What was this botanical specimen doing here?

To behold my ancestor’s 19th-century handwritten manuscript was thrilling. And tucked inside the pages was an even bigger surprise.

When I first happened upon the scuffed leather-bound volume in Princeton Theological Seminary’s Special Collections and Archives, I noticed that although the cover bore no title, it did have gorgeously marbled endpapers and heavyweight cotton bond pages. It was not an actual book, but rather a journal that contained the manuscript of a book.

The nondescript journal.
Delicious endpapers.

Inside there was an explanatory note written with a flourish (see right). The author was my great-great-great-great grandfather, the Rev. Dr. John Scudder (1793-1855), who sailed from New York City to India in 1819 as the very first American medical missionary. The American Tract Society published his Provision for Passing Over Jordan in 1846, the year that John returned to India after a four-year furlough in America to recover his health. As a miniature devotional, the book became a popular farewell gift pressed into the palms of travelers to wish them godspeed and give them something to ponder on the journey (and spend hours deciphering the tiny mouse-type.)

The Rev. John Scudder M.D.
“The Author”
Dr. John Scudder.
The title page is old school,
with “f” for “s.”
Dainty pocket-sized version.

This oversized version harkened back to an era when books were composed in longhand and then manually set in type, letter by painstaking letter. I assume that he took this copy to India to have the mission press reproduce it as a religious tract, which he distributed far and wide by the tens of thousands in his Quixotic quest to spread Christianity. Before me lay not only a connection to my family’s distant past but also the practical 19th-century version of backing up to the Cloud. 

Manuscript Copy
of
Passing Over Jordan
in the Handwriting of
The Author
The Rev. John Scudder M.D.

As I browsed the stiff volume, careful not to crack the spine, the pages fanned open to reveal two unusual bookmarks: a large ovate leaf with a khaki-green patina; and a fern, brown with age. 

Was this John’s doing?

Quite possibly, yes. He was naturally curious and a naturalist by training. His preceptor at the (Columbia) College of Physicians and Surgeons had been the extraordinary Dr. David Hosack, who founded the nation’s first botanical garden on land that is now home to Rockefeller Center.
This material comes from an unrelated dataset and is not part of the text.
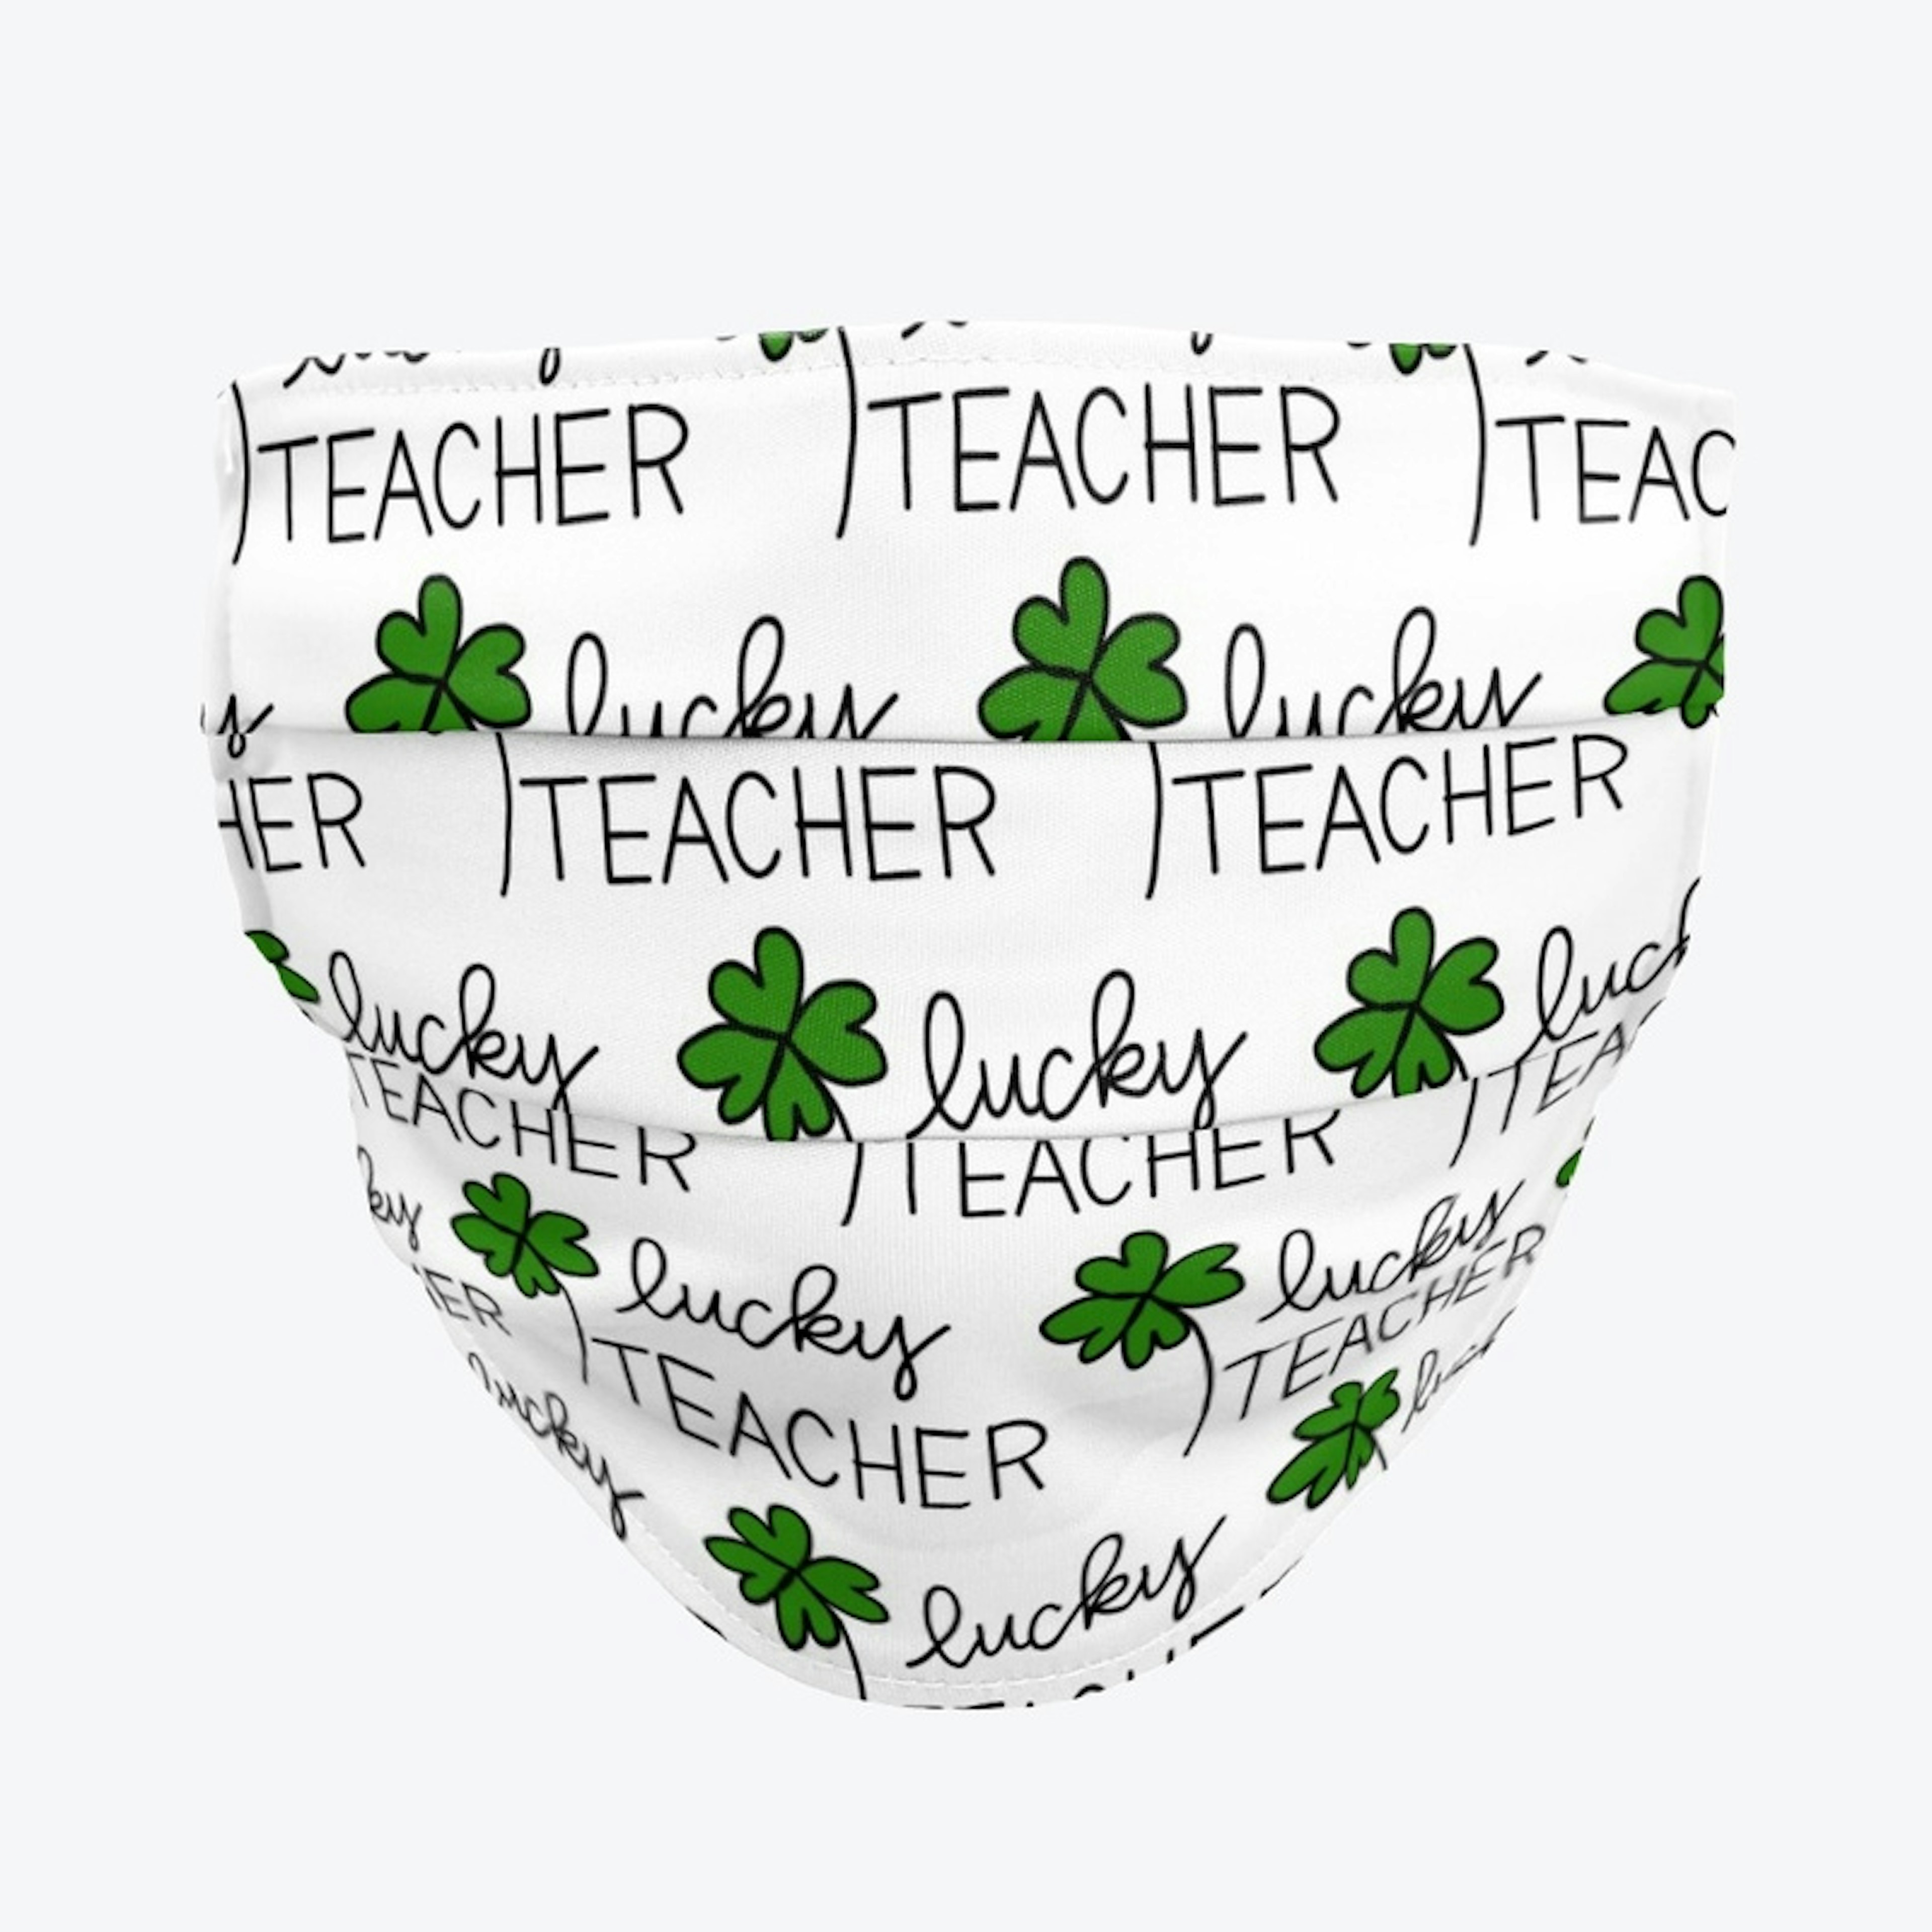 Teacher Mash - Lucky Teacher

When John first arrived in India, he had been mesmerized by the versatility of the palmyra palm and the ingenious ways the Tamils used every ounce of the tree for food, clothing, shelter, furniture, baskets, medicine, and, to his teetotaling disgust, potent toddy recipes.

Is this an Indian cinnamon leaf ca 1846?
A tree fern from the Nilgiris?

Perhaps he plucked these leaves from up in the lush Nilgiri Mountains, where he went to escape the blazing heat of the plains. A friend of mine, who is both a master naturalist and a master gardener, thinks the ovate leaf might be cassia, also known as Indian cinnamon, based on its long vertical veins. That makes sense; John did wax poetic about the cinnamon-infused “spicy breeze” that greeted their ship as they neared the subcontinent, as promising a sign as the olive leaf in the mouth of the dove in the tale of Noah’s Ark. As for the fern, it looks to be a Nilgiri tree fern (Cyathea nilgirensis). And if John was not the one who preserved these botanical specimens, it could have been another family member–several dozen of whom followed in his missionary footsteps–caught up in the Victorian fad of Pteridomania

I stared in wonder at these artifacts for several minutes, afraid that they would disintegrate into dust if I so much as breathed on them. Without thinking, I bent close to the page and inhaled deeply through my nose. I thought I detected the faintest of aromas, more bay leaf then cinnamon, something as old as the India ink dried on the page and as evocative as the idea of a long journey to the great beyond.